SUBJECT(S): Power sharing, peace agreements, consociational democracy, Central African, Republic, Côte d'Ivoire, Liberia
DISCIPLINE: Political Science
HTTP: http://www.giga-hamburg.de/dl/download.php?d=/content/publikationen/pdf/wp83_mehler.pdf
LANGUAGE: English
PUB ID: 103-444-222 (Last edited on 2008/07/25 05:29:48 GMT-6)
SPONSOR(S):
 
ABSTRACT:
Peace agreements form a crucial element of strategies to bring security from outside: they involve third-party mediators during the negotiation stage and often peacekeeping troops to guarantee the agreement at an implementation stage. Peace roundtables usually involve
top politicians and military leaders, who negotiate, sign, and/or benefit from the agreement. What is usually and conspicuously absent from peace negotiations is broad-based
participation by those who should benefit in the first place: citizens. More specifically, the local level of security provision and insecurity production is rarely taken into account.

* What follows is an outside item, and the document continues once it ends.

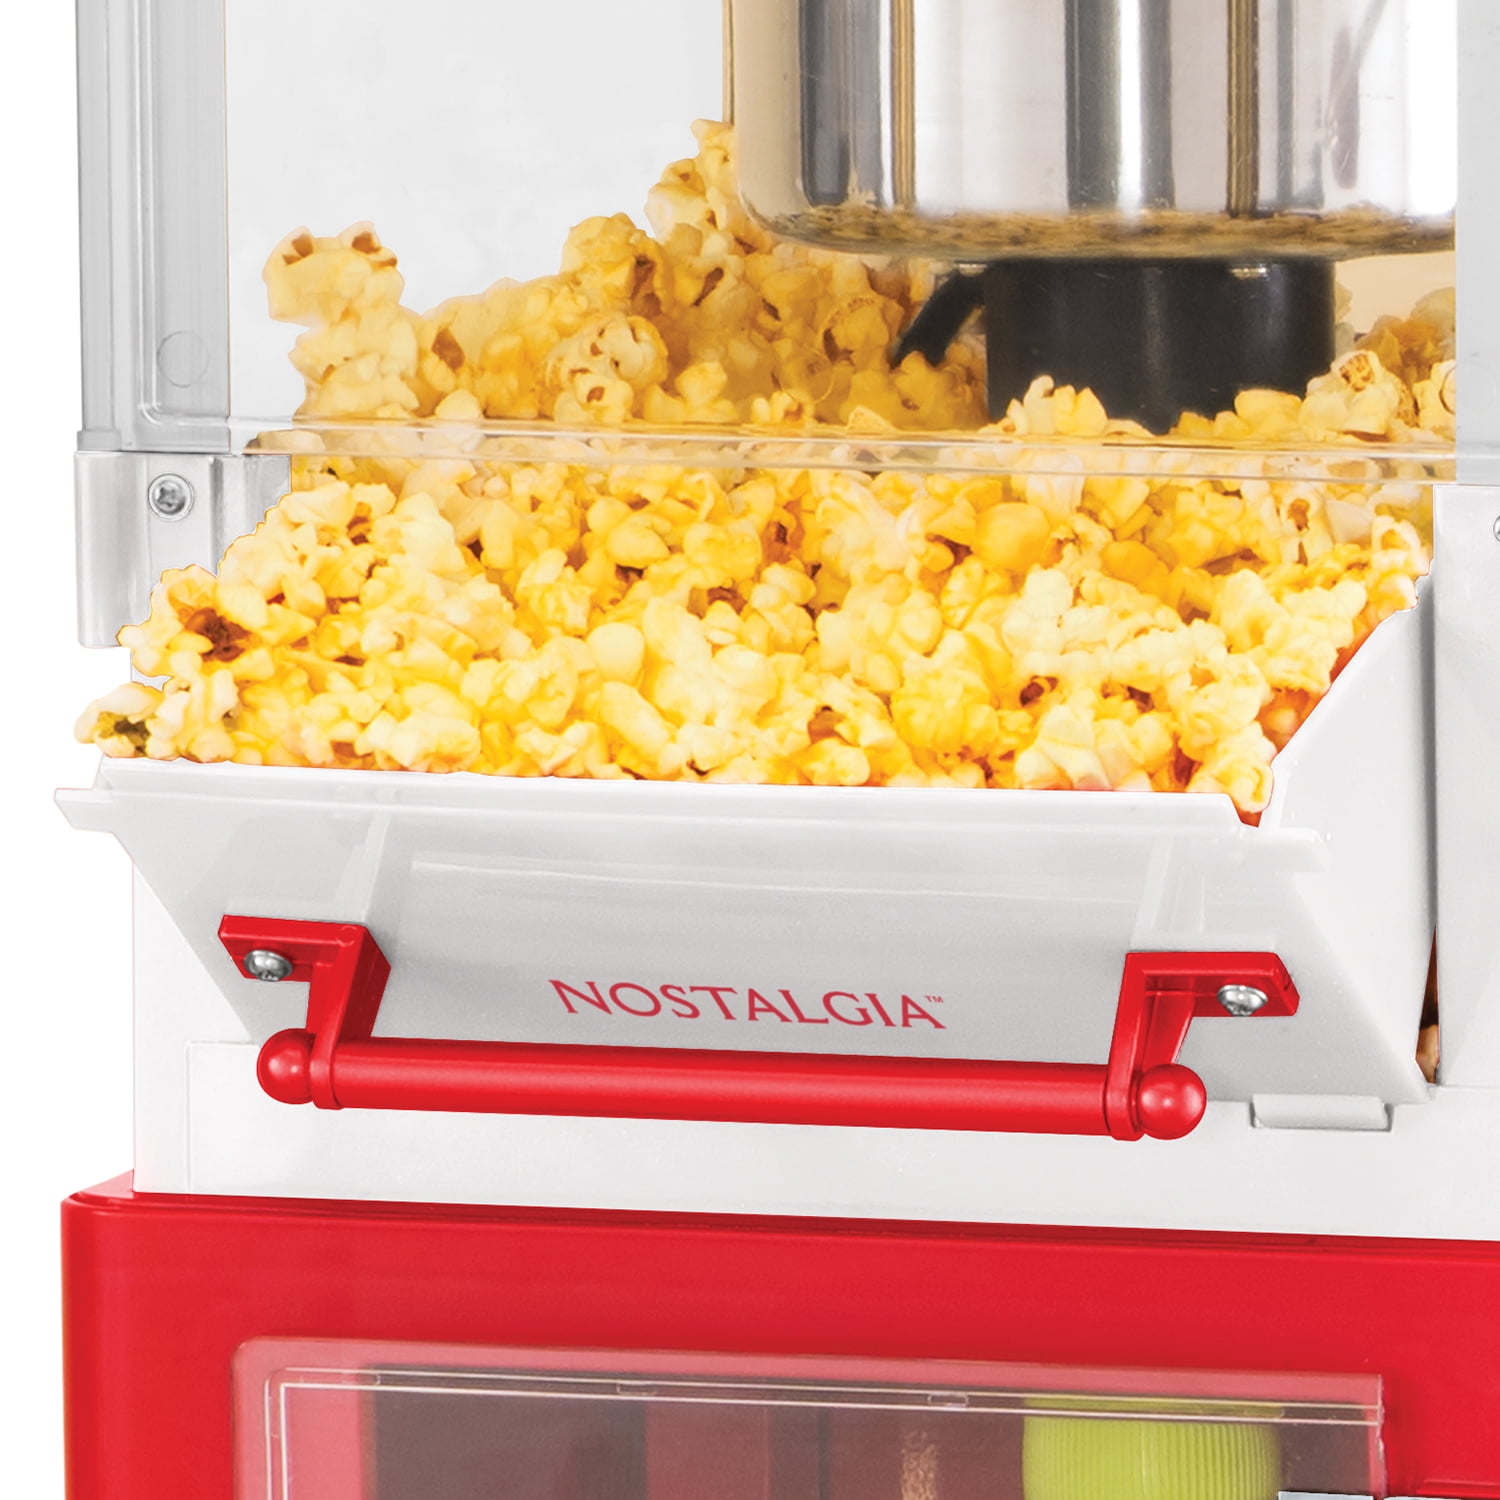 Nostalgia Popcorn Maker Machine - Professional Cart With 2.5 Oz Kettle  Makes Up to 10 Cups - Vintage Popcorn Machine Movie Theater Style - Red

This paper reviews parts of the academic debate on power sharing and war termination, touching on some key findings by the main researchers working on the topic. The ambivalent
African experience with Arend Lijphart’s four main ingredients of consociational democracy (grand coalition, minority veto, proportional representation, group autonomy) is summarized. Recent major African peace agreements (1999-2007) are analyzed, and their power-sharing content detailed. Most agreements contain some—though varying—
power-sharing devices. Most striking is the variation regarding the important question of who is sharing power with whom. Obviously, only those present at the negotiation table can really count on being included in major ways. Finally, three country cases are analyzed over a longer time period: Côte d’Ivoire (2002-2007), Liberia (1994-2003), and Central African Republic (1996-2007). The conclusion focuses on the factors of failure of peace agreements that place a heavy emphasis on power sharing.